++++ The input
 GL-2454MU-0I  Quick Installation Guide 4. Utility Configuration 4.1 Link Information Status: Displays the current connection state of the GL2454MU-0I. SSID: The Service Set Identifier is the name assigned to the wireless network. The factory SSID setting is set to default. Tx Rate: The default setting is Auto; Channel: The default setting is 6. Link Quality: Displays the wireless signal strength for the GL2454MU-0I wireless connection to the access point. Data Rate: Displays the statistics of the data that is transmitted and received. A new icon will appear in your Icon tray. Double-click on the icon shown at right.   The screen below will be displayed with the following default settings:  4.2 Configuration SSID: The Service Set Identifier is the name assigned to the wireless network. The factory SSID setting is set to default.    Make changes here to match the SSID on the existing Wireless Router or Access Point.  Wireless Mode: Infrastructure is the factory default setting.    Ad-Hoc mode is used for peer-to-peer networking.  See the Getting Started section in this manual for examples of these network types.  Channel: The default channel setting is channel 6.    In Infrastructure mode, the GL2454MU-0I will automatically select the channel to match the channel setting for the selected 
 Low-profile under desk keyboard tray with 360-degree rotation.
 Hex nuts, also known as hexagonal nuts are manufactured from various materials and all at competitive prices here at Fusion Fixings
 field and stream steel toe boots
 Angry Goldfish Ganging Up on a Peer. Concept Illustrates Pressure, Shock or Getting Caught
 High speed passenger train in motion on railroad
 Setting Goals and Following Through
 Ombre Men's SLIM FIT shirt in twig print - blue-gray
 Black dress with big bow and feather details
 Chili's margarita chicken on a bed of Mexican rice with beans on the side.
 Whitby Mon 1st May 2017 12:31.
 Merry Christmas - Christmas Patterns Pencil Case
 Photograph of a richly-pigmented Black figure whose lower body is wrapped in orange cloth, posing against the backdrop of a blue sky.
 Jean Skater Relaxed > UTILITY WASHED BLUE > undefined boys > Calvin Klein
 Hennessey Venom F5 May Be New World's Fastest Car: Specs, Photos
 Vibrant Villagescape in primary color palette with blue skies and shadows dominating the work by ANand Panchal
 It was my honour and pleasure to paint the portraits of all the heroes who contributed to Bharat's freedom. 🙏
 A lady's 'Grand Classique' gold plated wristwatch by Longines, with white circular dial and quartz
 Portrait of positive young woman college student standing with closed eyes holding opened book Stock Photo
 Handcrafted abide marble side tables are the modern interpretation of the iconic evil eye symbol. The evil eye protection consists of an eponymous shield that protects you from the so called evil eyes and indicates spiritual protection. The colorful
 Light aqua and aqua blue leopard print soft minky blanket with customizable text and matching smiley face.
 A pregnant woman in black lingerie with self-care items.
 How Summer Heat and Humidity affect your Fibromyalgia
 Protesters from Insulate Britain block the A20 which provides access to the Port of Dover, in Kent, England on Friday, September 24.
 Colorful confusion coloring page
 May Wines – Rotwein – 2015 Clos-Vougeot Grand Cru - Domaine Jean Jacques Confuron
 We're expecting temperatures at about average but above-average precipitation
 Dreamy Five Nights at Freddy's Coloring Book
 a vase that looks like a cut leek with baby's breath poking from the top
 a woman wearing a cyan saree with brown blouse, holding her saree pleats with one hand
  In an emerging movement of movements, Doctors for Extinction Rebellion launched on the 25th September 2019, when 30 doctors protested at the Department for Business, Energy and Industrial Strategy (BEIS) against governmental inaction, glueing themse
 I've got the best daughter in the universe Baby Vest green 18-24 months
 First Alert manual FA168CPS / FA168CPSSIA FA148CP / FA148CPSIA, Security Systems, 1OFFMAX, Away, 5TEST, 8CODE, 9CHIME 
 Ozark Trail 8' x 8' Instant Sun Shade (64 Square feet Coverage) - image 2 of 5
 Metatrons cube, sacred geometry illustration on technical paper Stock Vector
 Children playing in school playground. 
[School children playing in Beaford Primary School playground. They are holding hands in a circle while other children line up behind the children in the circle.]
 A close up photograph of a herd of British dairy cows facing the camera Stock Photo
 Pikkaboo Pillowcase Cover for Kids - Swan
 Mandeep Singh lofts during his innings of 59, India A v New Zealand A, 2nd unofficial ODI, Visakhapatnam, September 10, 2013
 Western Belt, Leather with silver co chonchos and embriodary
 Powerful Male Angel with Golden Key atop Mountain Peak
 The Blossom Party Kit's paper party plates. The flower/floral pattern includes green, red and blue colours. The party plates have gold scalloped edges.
++++++++
# Brief
Here the job is to set down exactly the lines of the material above that fall between the one with "How Summer Heat" and the one with "a woman wearing", inclusive, and nothing beyond them.

# Response area
 How Summer Heat and Humidity affect your Fibromyalgia
 Protesters from Insulate Britain block the A20 which provides access to the Port of Dover, in Kent, England on Friday, September 24.
 Colorful confusion coloring page
 May Wines – Rotwein – 2015 Clos-Vougeot Grand Cru - Domaine Jean Jacques Confuron
 We're expecting temperatures at about average but above-average precipitation
 Dreamy Five Nights at Freddy's Coloring Book
 a vase that looks like a cut leek with baby's breath poking from the top
 a woman wearing a cyan saree with brown blouse, holding her saree pleats with one hand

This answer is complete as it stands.